Он прятал портсигар, заспанный, сидел, опустив голову.
— Соломо-он, — выговаривала Онегина это библейское имя так, как будто на конце три «н», — знаете, Соломон, я когда-то жила с Леонидом Андреевым.
— Что ж поделаешь, что ж поделаешь, — безразлично шептал Соломон Маркович.
— Я жила с Гюи де Мопассаном, Джеком Лондоном, Роденом, с Мамонтом-Дальским.
— Что ж поделаешь, что ж поделаешь.
— Ха-ха-ха! — смеялась она вдруг так звонко и искренне, что Соломон Маркович вздрагивал и тревожно предлагал валериановых капель. — На кой черт мне ваши капли! — говорила она обыкновенным голосом. — Мне просто скучно, я репетирую роль женщины, которая век прожила чужой славой. Я прекрасно произнесла бы этот монолог… Вы знаете, Соломон, еще когда я была маленькой девочкой, я страстно любила театр. Огни. Занавес. Аплодисменты. Я любила не только театр, но все, что соприкасалось с искусством… Художники, писатели, великие артисты, музыканты — мои боги. Я все время жила чужой славой… Вы этого не поймете… Соломон, я когда-то жила с Орленевым… Почему вы молчите? — кричала она. — Говорите: «Что ж поделаешь…» Я когда-то жила с Оскаром Уайльдом.
— Что ж поделаешь, что ж поделаешь, — покорно повторял Соломон Маркович.
— А сейчас я живу с частником. Все равно, что жить с негром. Вы видели Коонен в «Негре»?
Онегина вскакивала с кровати, — подражая Коонен, теребила волосы, топала ножками и исступленно визжала:
— Частник, частник, частник, частник!
Соломон Маркович не знал, играет она или это серьезно, растерянно стоял посреди комнаты и на всякий случай говорил:
— Ирина Сергеевна — это прекрасно.
— Что прекрасно? — спрашивала она строго. — Марш отсюда!
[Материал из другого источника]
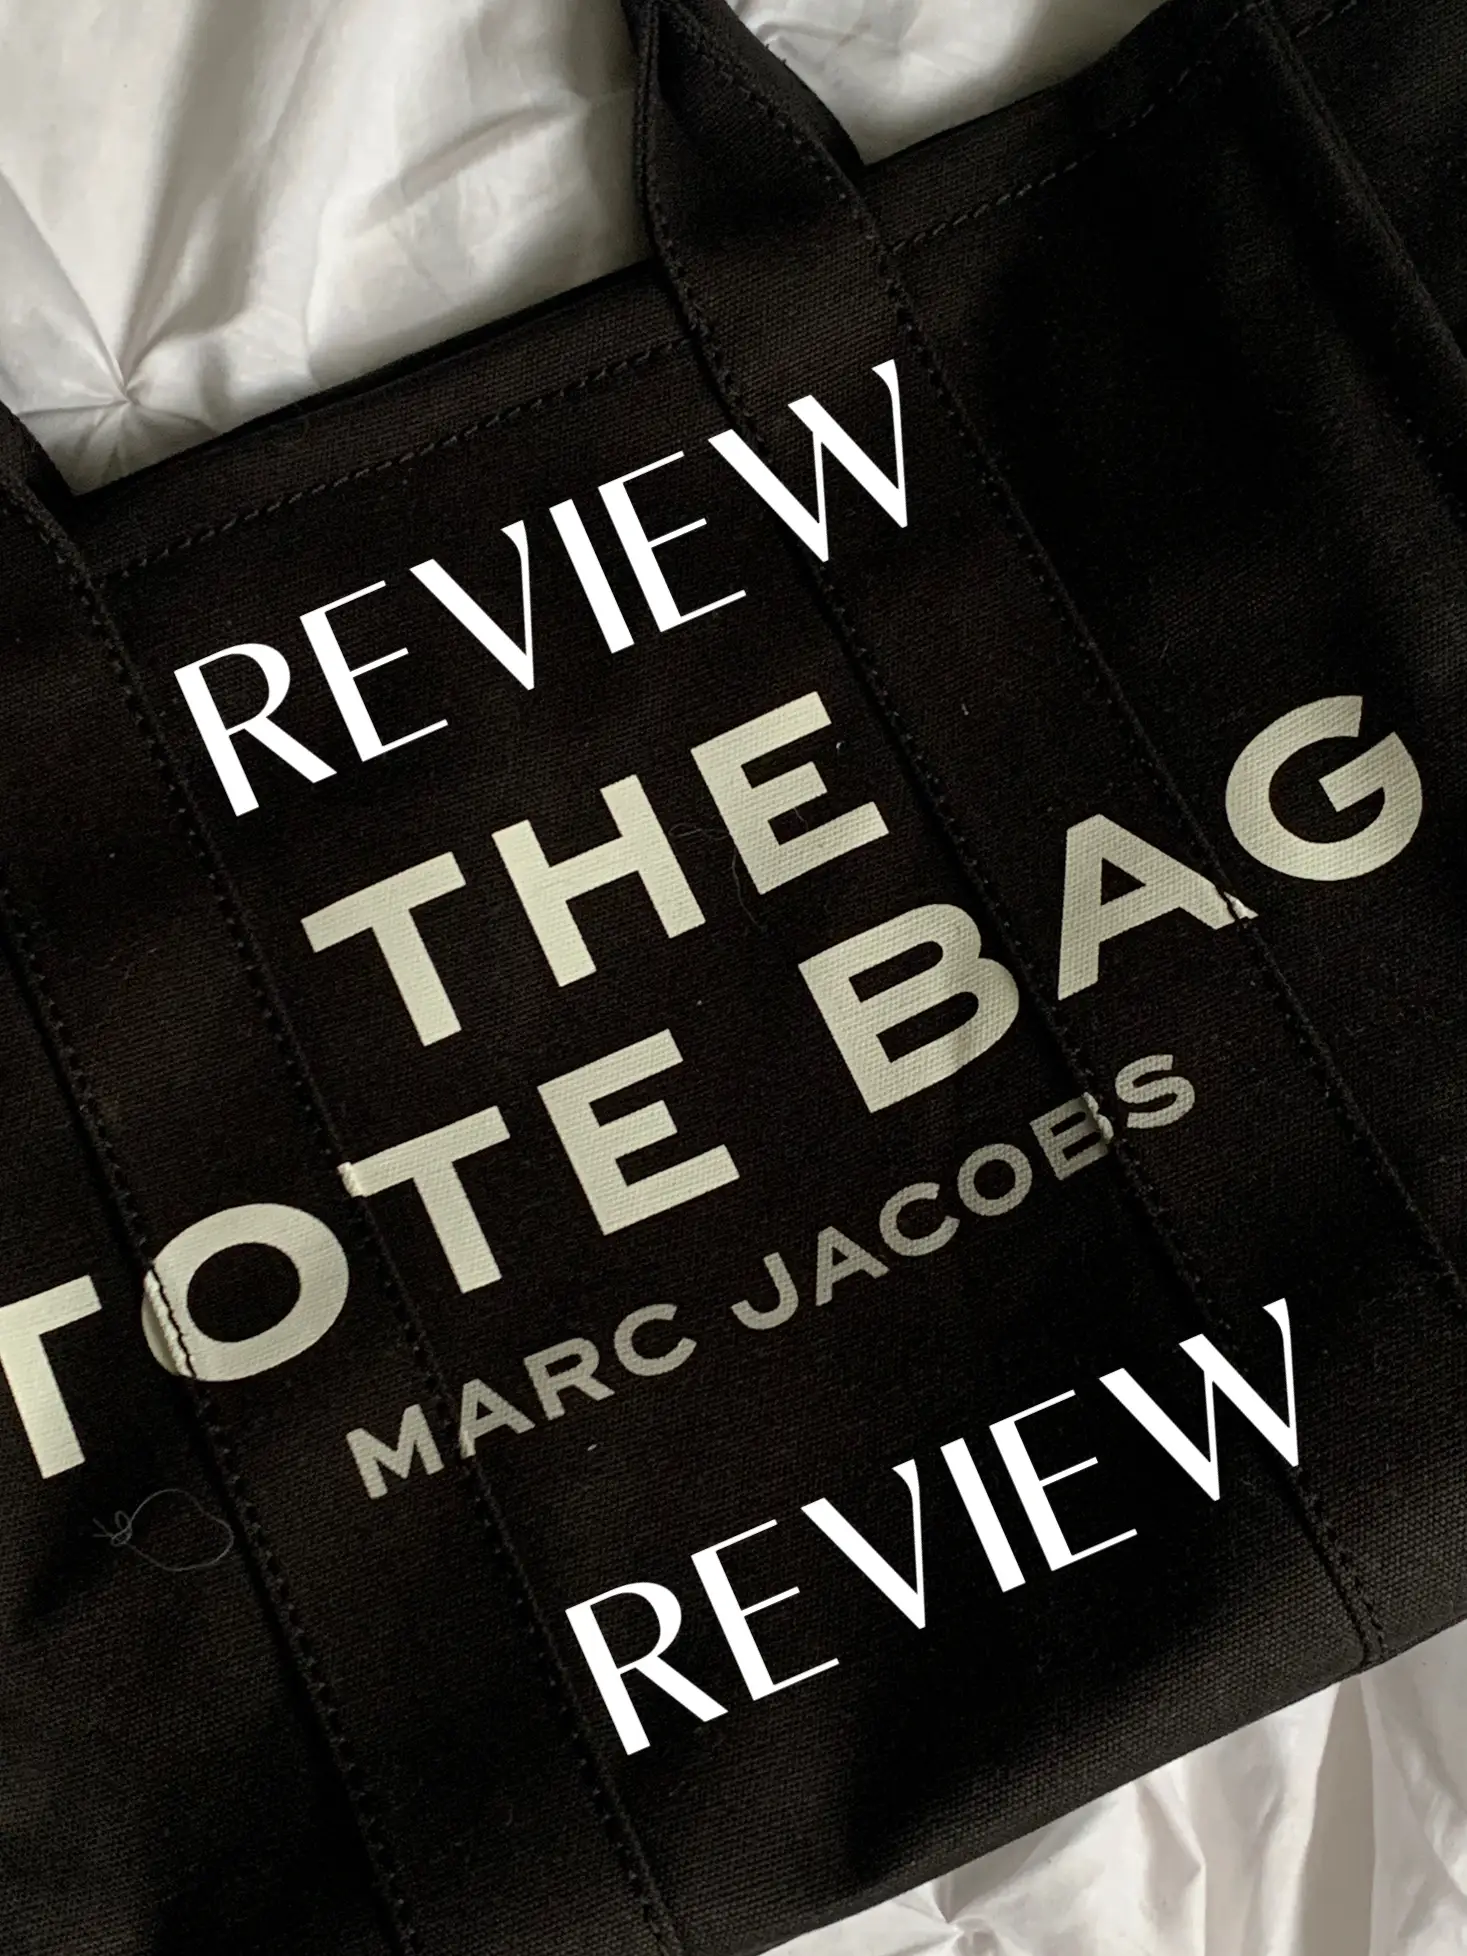 The viral marc jacobs “ the tote bag “ honest review large and medium , Marc Jacobs Tote Bag

Вы мне надоели.
Онегина артистически сбрасывала халат, голая оставалась перед зеркалом и разглядывала себя.
— Я, кажется, старею. Я, кажется, жирею… Только этого не хватало… Господи, как мне скучно!.. «Соломон, — передразнивала она сама себя, кривляясь и высовывая язык, — я когда-то жила с Леонидом Андреевым»… Как скучна-а-а!..
Когда Соломона Марковича за спекуляции, за шантажи посадили в тюрьму, а потом определили ему другое местожительство, то этот прожженный делец совершенно наивно предложил Онегиной поехать с ним на Север.
— Вы с ума сошли! — ответила она негодуя. — Если хоть немножко меня любите — а вы клялись, что безумно, — то как смеете предлагать мне такие условия жизни?.. А потом, — добавила она, — вы, Соломон Маркович, не декабрист, а я не «русская женщина».
Все думали, что теперь Синеоков окончательно переселится к Онегиной. Так думали все, кроме них.
— Вы знаете, Синеоков, — говорила Дмитрию Онегина, — вам надо тартюфить, а то с вашими родителями-эмигрантами и с вашей внешностью пропадете.
— Не
беспокойтесь, Ирина Сергеевна. Кое-что наклевывается, — успокоил он Онегину. — Женя Фитингоф — правда, она не блещет происхождением, так же и красотой и только кандидат партии — вчера сказала мне, что мои статьи дышат искренностью. Мы с ней гуляли довольно долго. Полагаю, что еще одной прогулки будет вполне достаточно… Так что обо мне не беспокойтесь. Вот вам хуже, Ирина Сергеевна. Вам обязательно со славой… Хотите пролетарского писателя?— Нет. Они мне не нравятся. Я их наблюдала. Они все ходят в сапогах и сморкаются в кулак. И потом мне вообще писатели не нравятся. Скажите, Дмитрий, — спросила она деловито, — кто из художников ныне в славе? Только без дураков! Кого вы сейчас считаете лучшим художником?
— Лучшим художником? Пожалуй, Владимира Владыкина, — ответил Синеоков.
— Владимир Владыкин, — повторила Онегина. — Это неплохо звучит. Владимир Владыкин. Приведите его ко мне.
— Только он женат.
— Тем лучше, — заметила Ирина Сергеевна. — Борьба страстей. Соперница. Ревность. Я давно этого не переживала — ни в современных пьесах, ни в жизни…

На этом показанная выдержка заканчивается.